Connected to a transient in-memory database.
Use ".open FILENAME" to reopen on a persistent database.
sqlite> CREATE TABLE x AS SELECT 1 AS a, 1 AS b;
sqlite> CREATE INDEX ix ON x (a);
sqlite> CREATE TABLE y AS SELECT 1 AS b;
sqlite> EXPLAIN QUERY PLAN SELECT * FROM x INNER JOIN y ON x.b=y.b;
0|0|0|SCAN TABLE x
0|1|1|SEARCH TABLE y USING AUTOMATIC COVERING INDEX (b=?)
sqlite> EXPLAIN QUERY PLAN SELECT * FROM x INNER JOIN y ON x.b=y.b WHERE
x.a = 1;
0|0|0|SEARCH TABLE x USING INDEX ix (a=?)
0|1|1|SCAN TABLE y
sqlite>
--
This message contains confidential information and is intended only for the
individual named. If you are not the named addressee, you should not
disseminate, distribute, alter or copy this e-mail. Please notify the
sender immediately by e-mail if you have received this e-mail by mistake
and delete this e-mail from your system. E-mail transmissions cannot be
guaranteed to be secure or without error as information could be
intercepted, corrupted, lost, destroyed, or arrive late or incomplete. The
sender, therefore, does not accept liability for any errors or omissions in
the contents of this message which arise during or as a result of e-mail
transmission. If verification is required, please request a hard-copy
version.
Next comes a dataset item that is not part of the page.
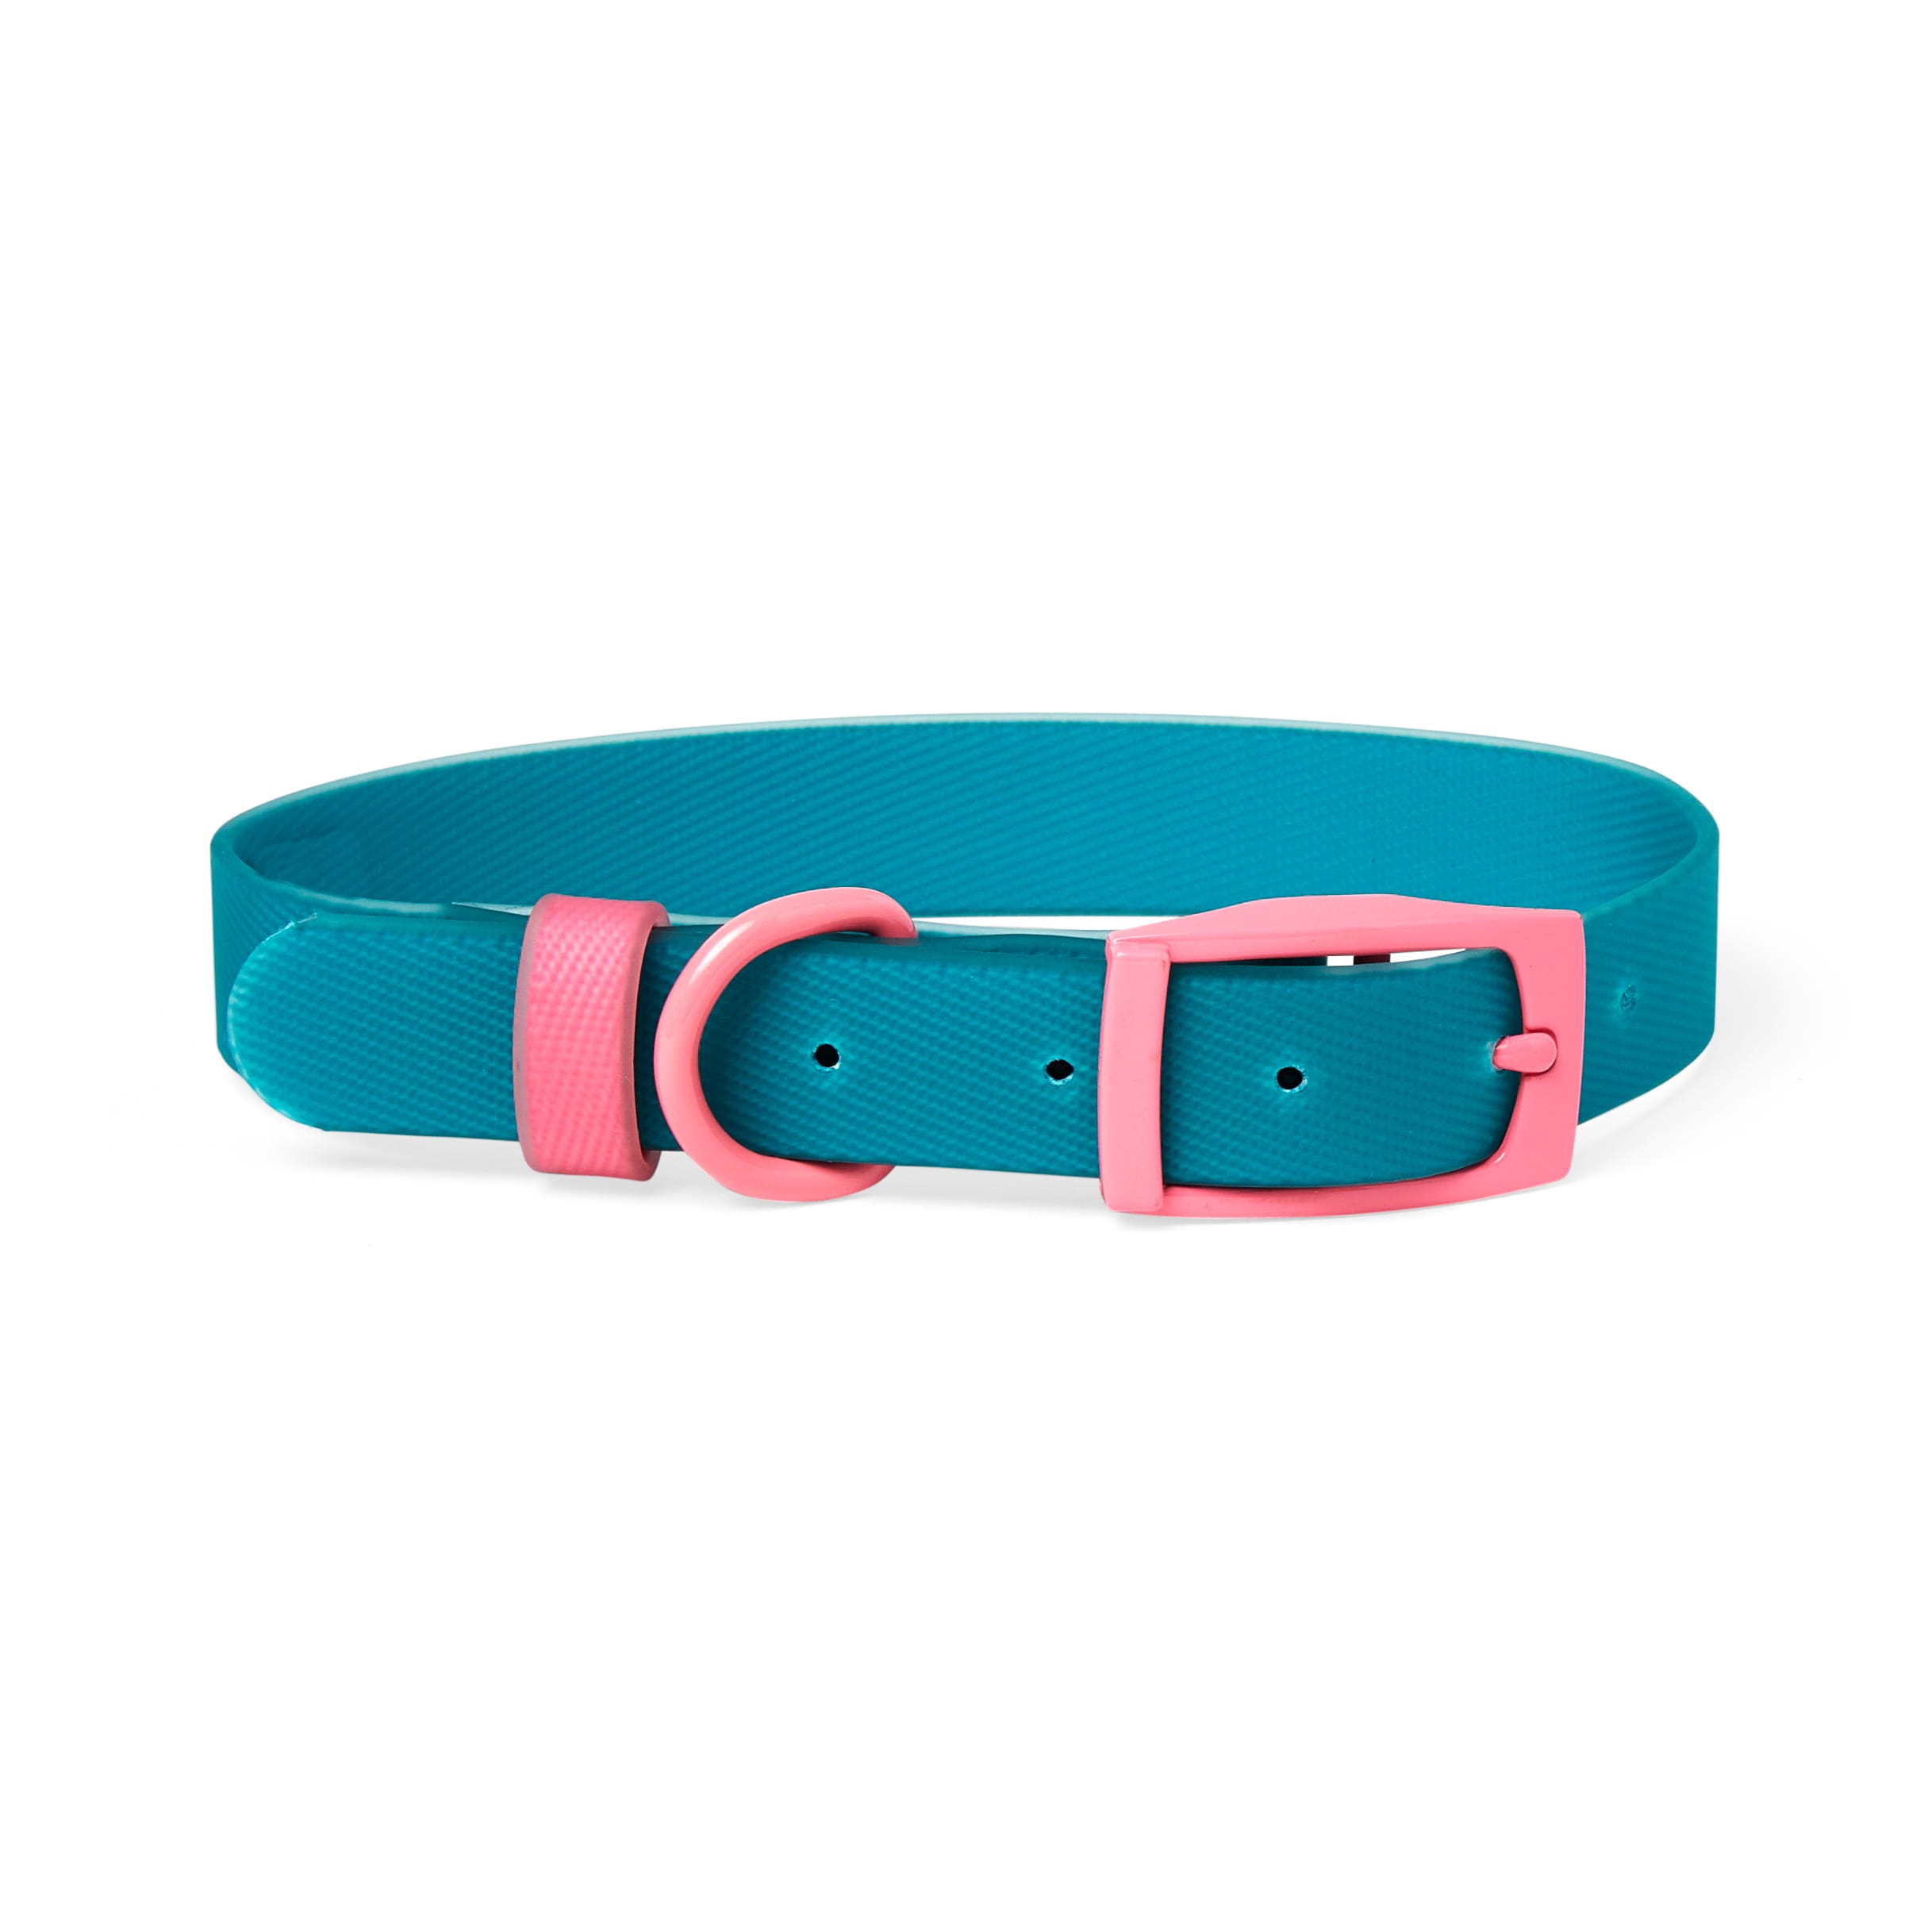 YOULY The Extrovert Water-Resistant Teal & Pink Colorblocked Dog Collar ...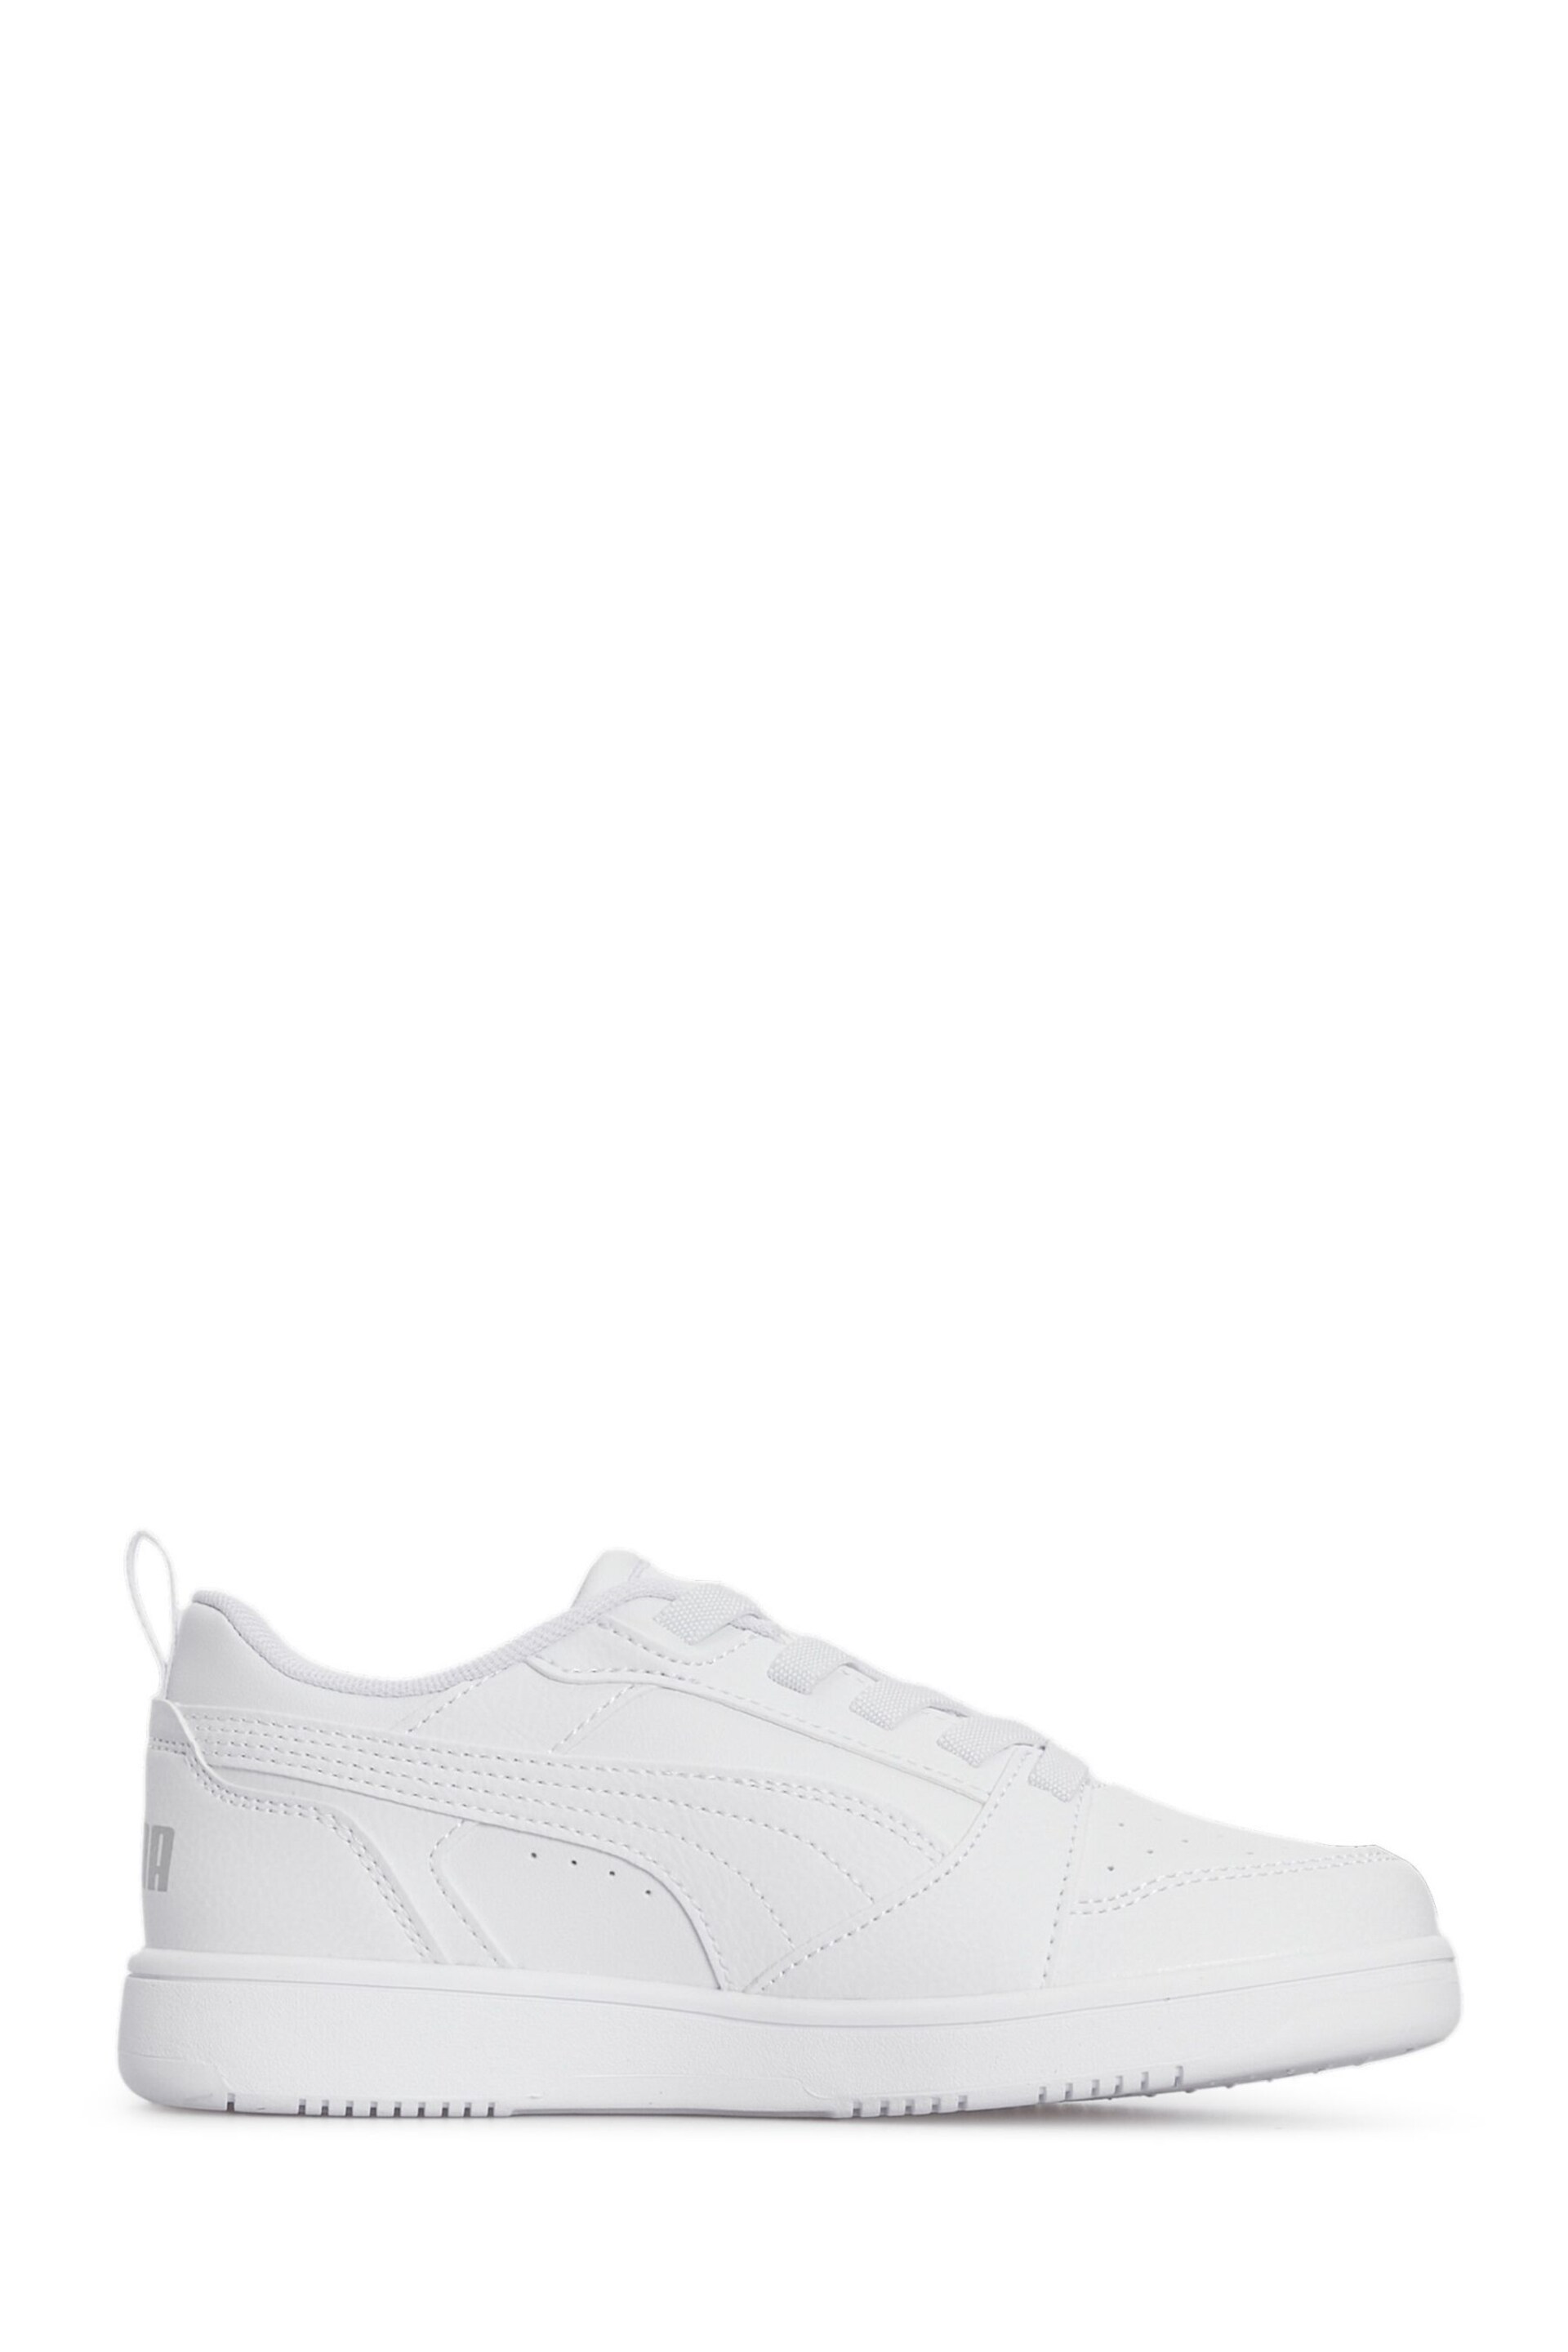 Puma White Unisex Kids Rebound V6 LO Sneakers Trainers - Image 1 of 6

This message is provided for information purposes and should not
be construed as a solicitation or offer to buy or sell any securities or
related financial instruments in any jurisdiction.
Richard Hipp
2014-05-07 21:21:07 UTC
Permalink
Post by Hinrichsen, John
$ sqlite3
SQLite version 3.7.17 2013-05-20 00:56:22
Enter ".help" for instructions
Enter SQL statements terminated with a ";"
sqlite> CREATE TABLE x AS SELECT 1 AS a, 1 AS b;
sqlite> CREATE INDEX ix ON x (a);
sqlite> CREATE TABLE y AS SELECT 1 AS b;
sqlite> EXPLAIN QUERY PLAN SELECT * FROM x INNER JOIN y ON x.b=y.b;
0|0|0|SCAN TABLE x (~1000000 rows)
0|1|1|SEARCH TABLE y USING AUTOMATIC COVERING INDEX (b=?) (~7 rows)
sqlite> EXPLAIN QUERY PLAN SELECT * FROM x INNER JOIN y ON x.b=y.b WHERE
x.a = 1;
0|0|0|SEARCH TABLE x USING INDEX ix (a=?) (~10 rows)
0|1|1|SEARCH TABLE y USING AUTOMATIC COVERING INDEX (b=?) (~7 rows)
sqlite>
$ sqlite3
SQLite version 3.8.4.3 2014-04-03 16:53:12
Enter ".help" for usage hints.
Connected to a transient in-memory database.
Use ".open FILENAME" to reopen on a persistent database.
sqlite> CREATE TABLE x AS SELECT 1 AS a, 1 AS b;
sqlite> CREATE INDEX ix ON x (a);
sqlite> CREATE TABLE y AS SELECT 1 AS b;
sqlite> EXPLAIN QUERY PLAN SELECT * FROM x INNER JOIN y ON x.b=y.b;
0|0|0|SCAN TABLE x
0|1|1|SEARCH TABLE y USING AUTOMATIC COVERING INDEX (b=?)
sqlite> EXPLAIN QUERY PLAN SELECT * FROM x INNER JOIN y ON x.b=y.b WHERE
x.a = 1;
0|0|0|SEARCH TABLE x USING INDEX ix (a=?)
0|1|1|SCAN TABLE y
sqlite>
Do you have a database file where the 3.8.4.3 query plan really is slower?
Can you please run ANALYZE on that database and send us the content of the
"sqlite_stat1" table?
--
D. Richard Hipp
drh-CzDROfG0BjIdnm+***@public.gmane.org
Hinrichsen, John
2014-05-07 22:58:00 UTC
Permalink
Post by Richard Hipp
Do you have a database file where the 3.8.4.3 query plan really is slower?
Can you please run ANALYZE on that database and send us the content of the
"sqlite_stat1" table?
It is true that if we add the analyze, the query does use the automatic
covering index. The analyze wasn't necessary with sqlite-3.7.17.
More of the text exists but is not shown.